Hate crimes involve a combination of factors. Mainly: a crime, a prejudice and the small but very significant and problematic notion of ”because of” which connects them. A crime is a hate one when it is committed because of a prejudice against a certain group (membership in which is based on some to-be-determined characteristic important to the victims’s, or somebody’s, identity).
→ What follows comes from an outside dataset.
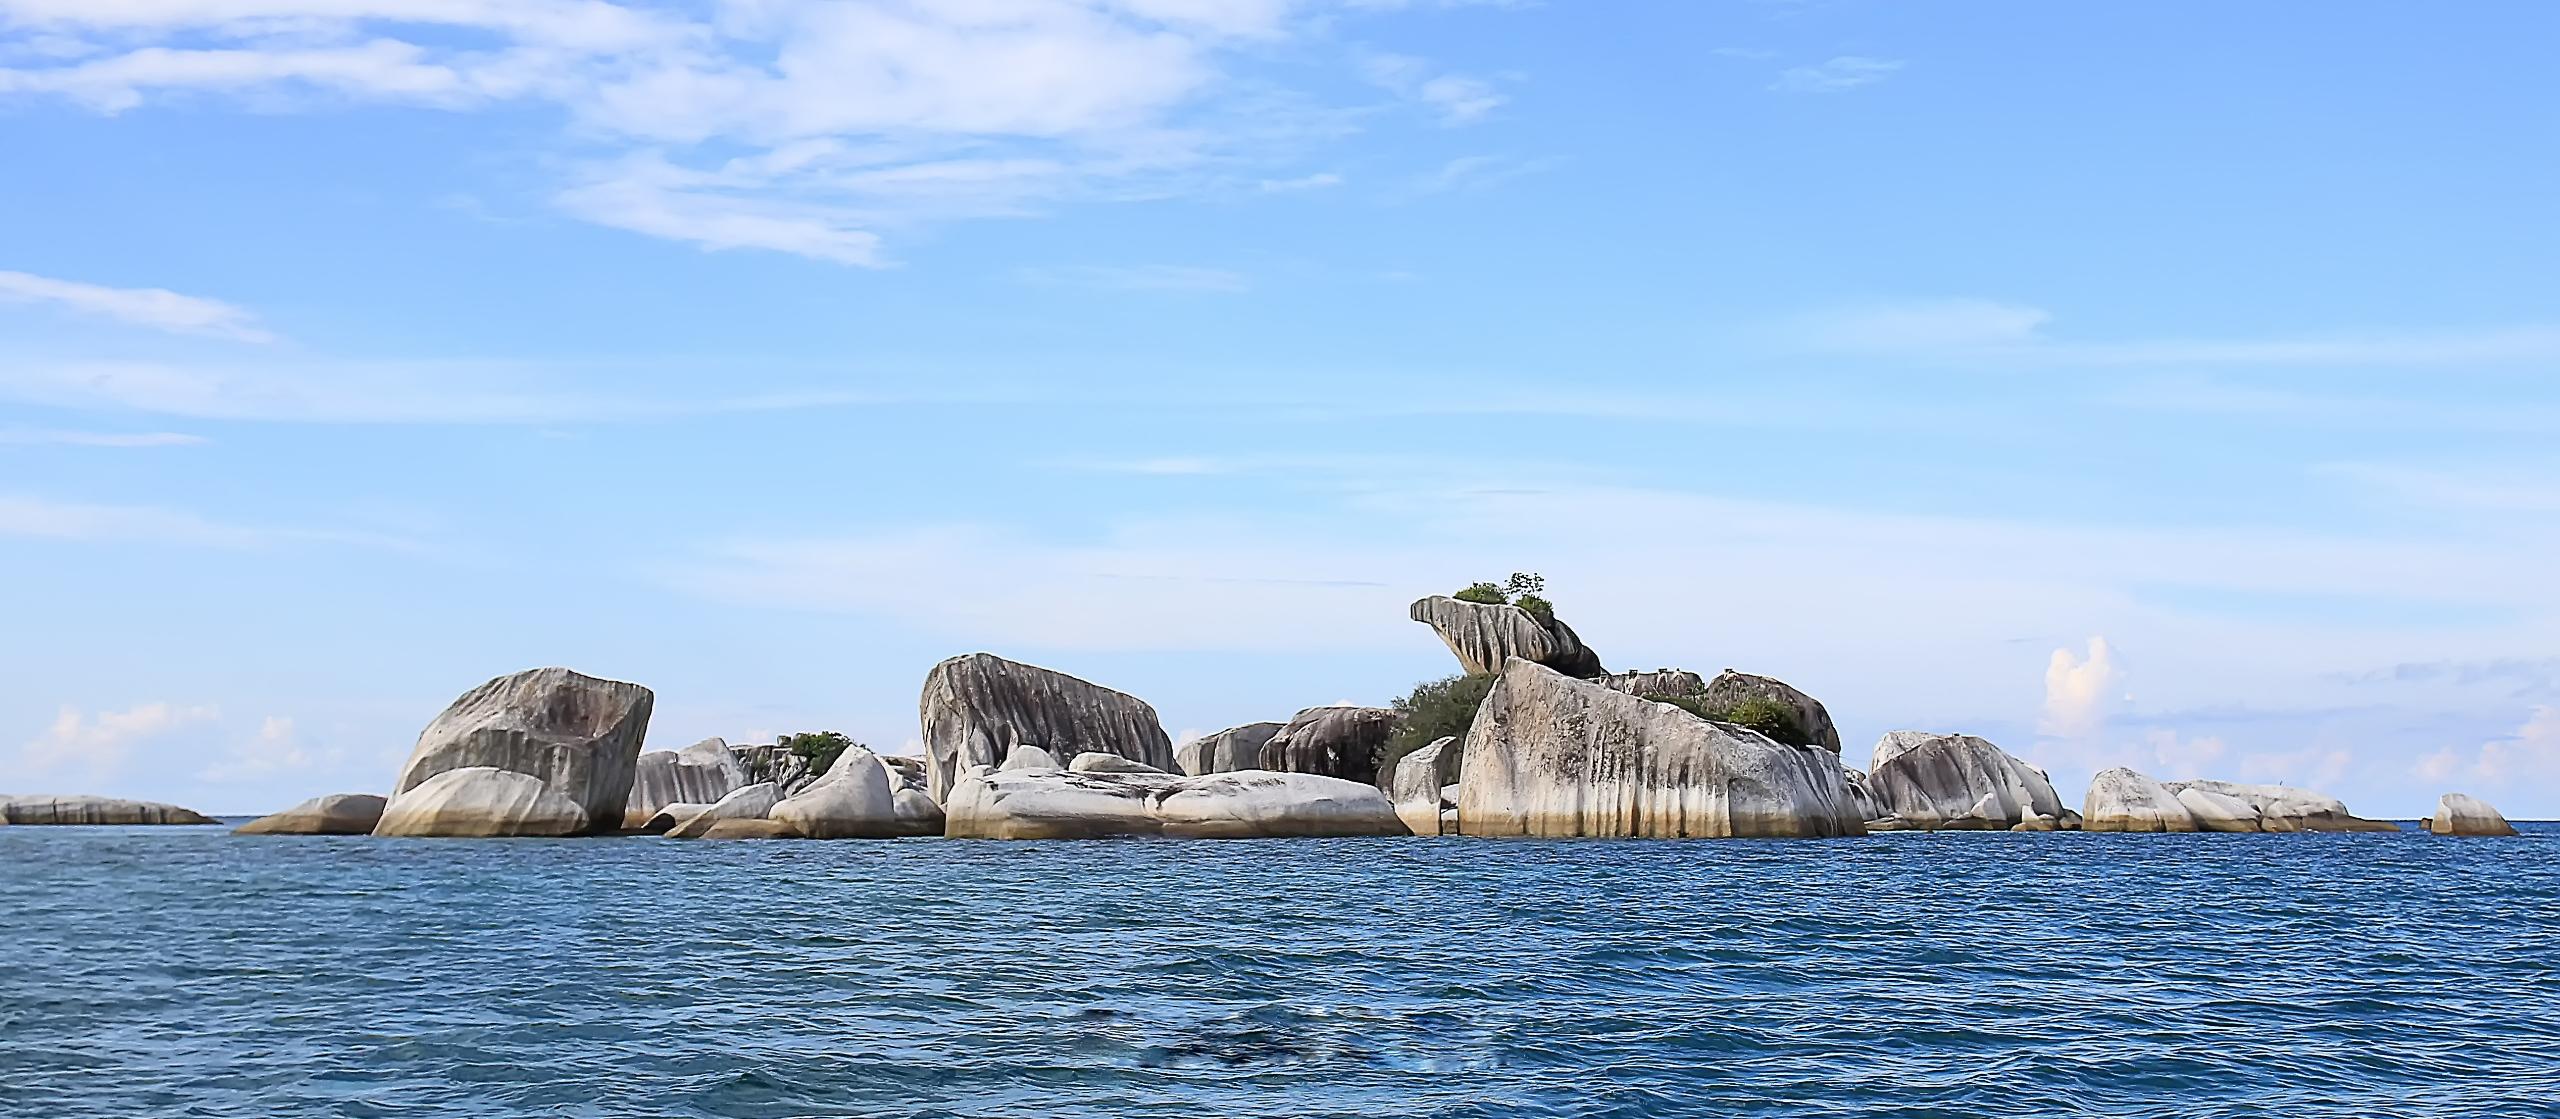 paket wisata pulau belitung (@paketwisatabelitung) Cover Image
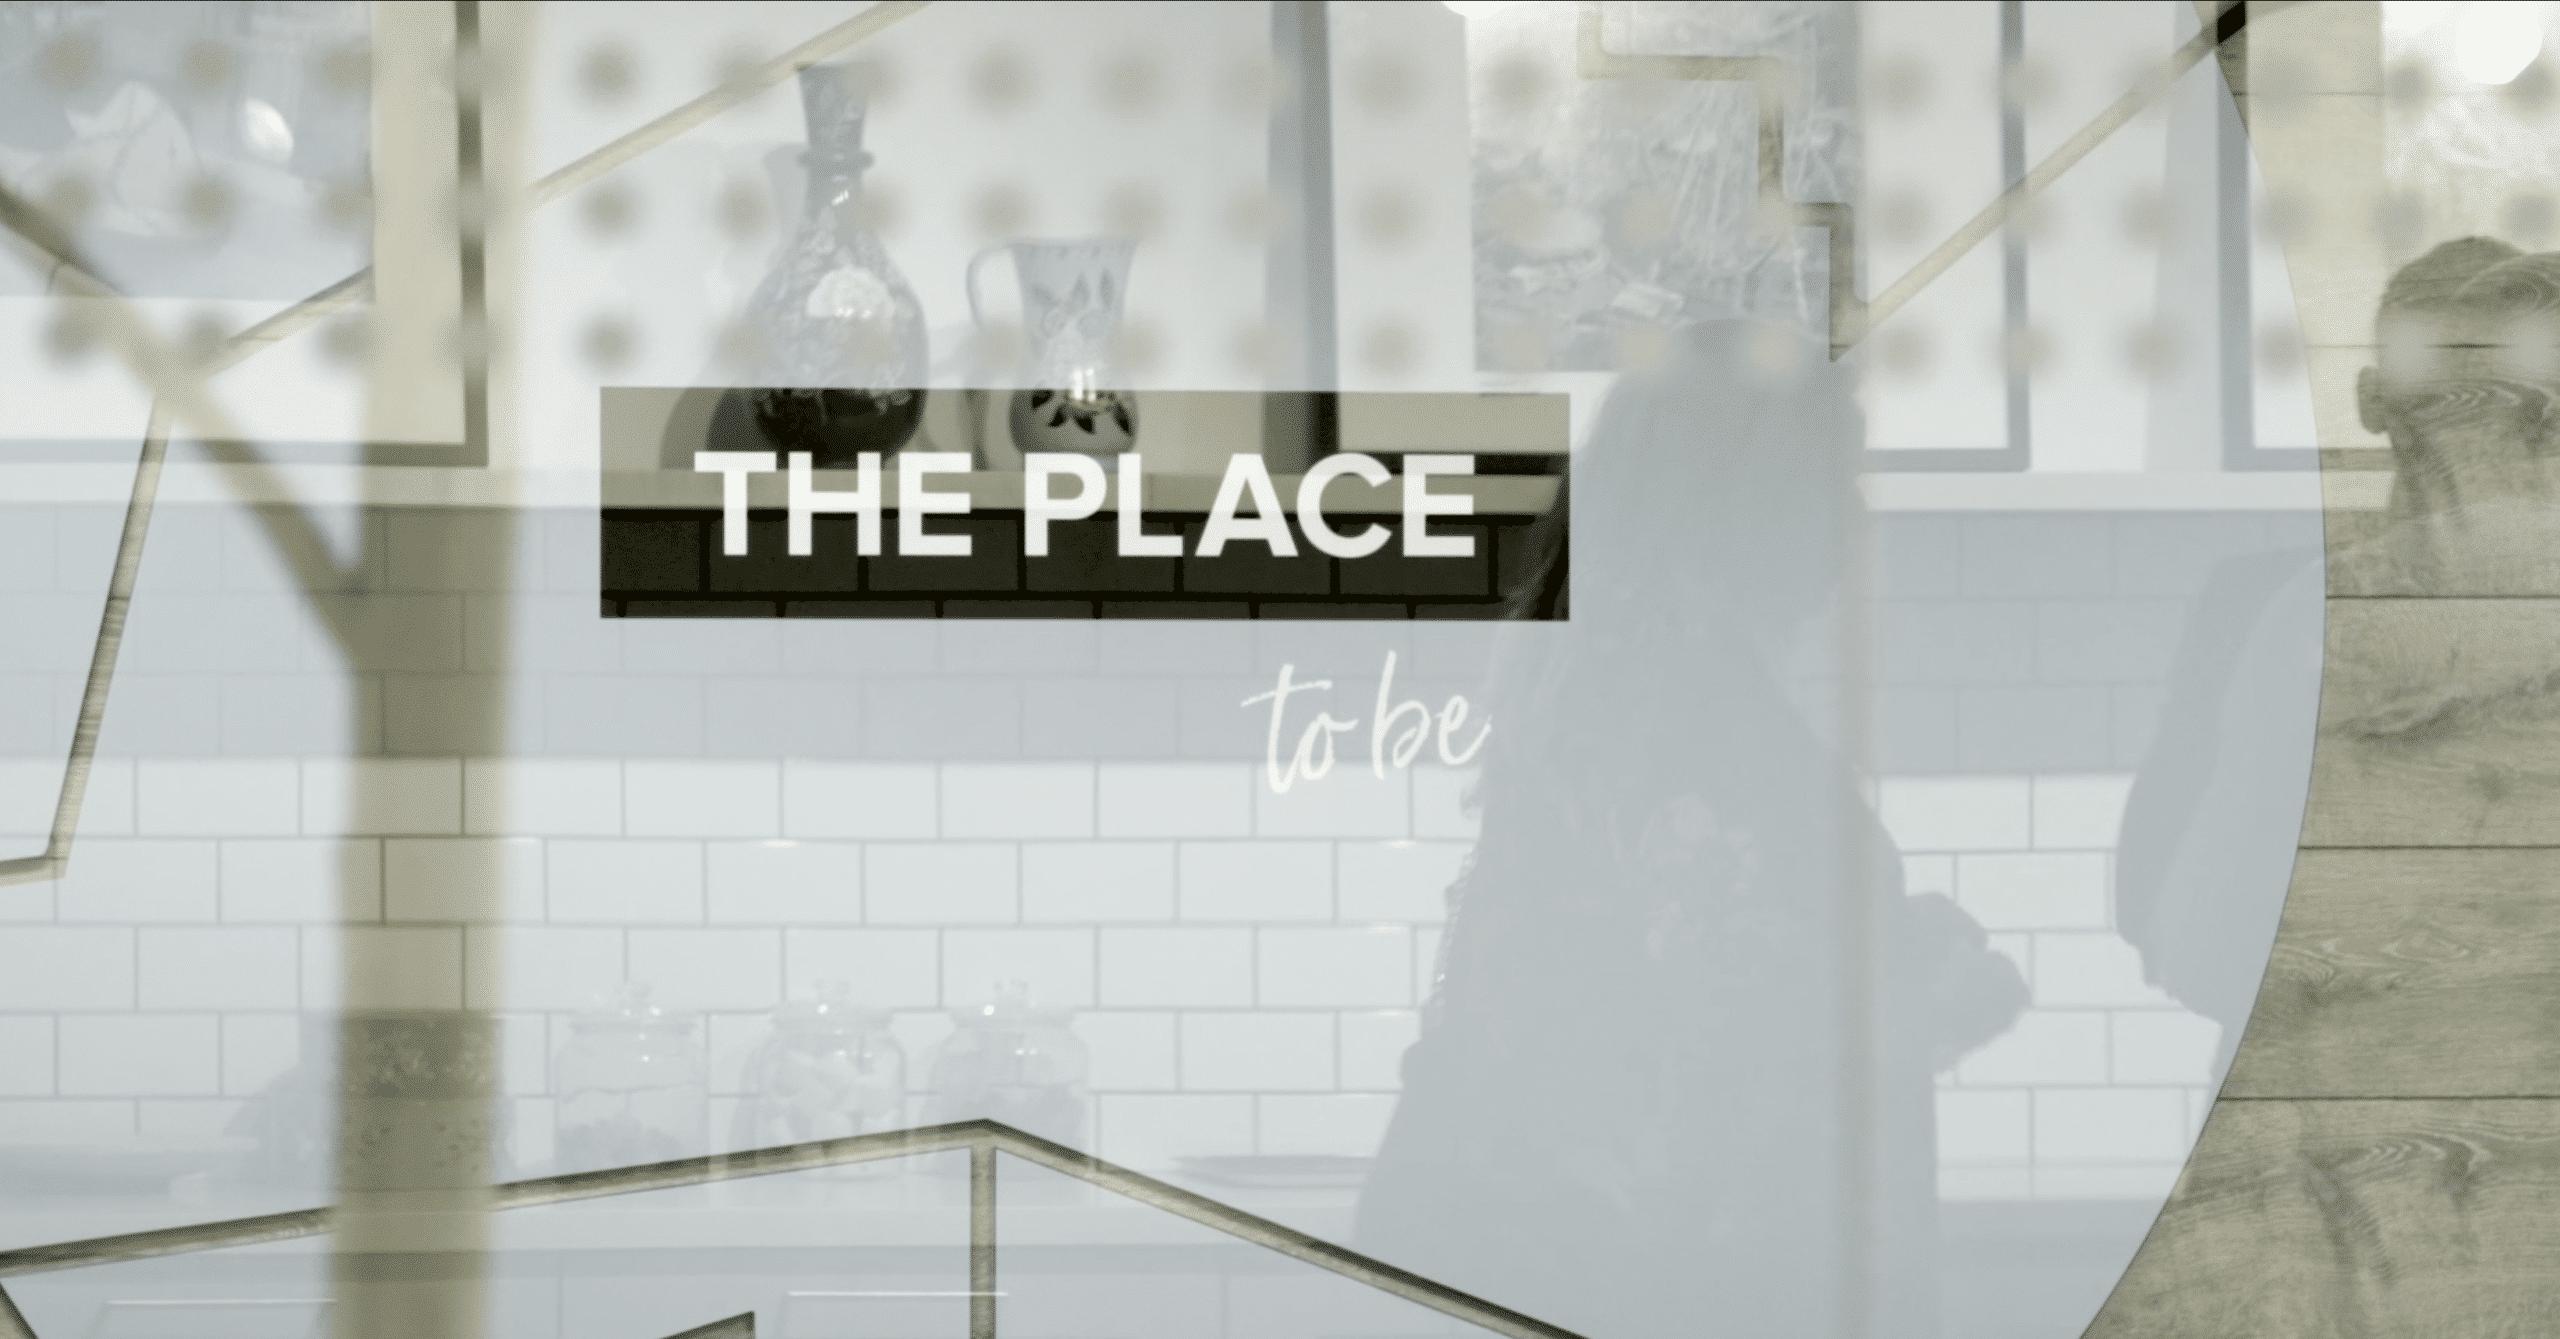 Shine a light agence évènementielle luxembourg - créateur d'expériences immersives - Inauguration House of Startups

Now, it’s important to note that committing a crime because of a prejudice against a group, is more narrow than committing a crime because of group membership. I may believe (rightly) that the elderly are less able to catch me running from the scene of the crime, and therefore target them. According to the so called ”victim selection model” for hate crimes, this case may qualify as a hate crime simply because group membership was part of the reason why I picked this particular victim. According to the animus-model, it wouldn’t count unless I also held some negative and unfounded views about the elderly, and that was part of the motivation for the crime.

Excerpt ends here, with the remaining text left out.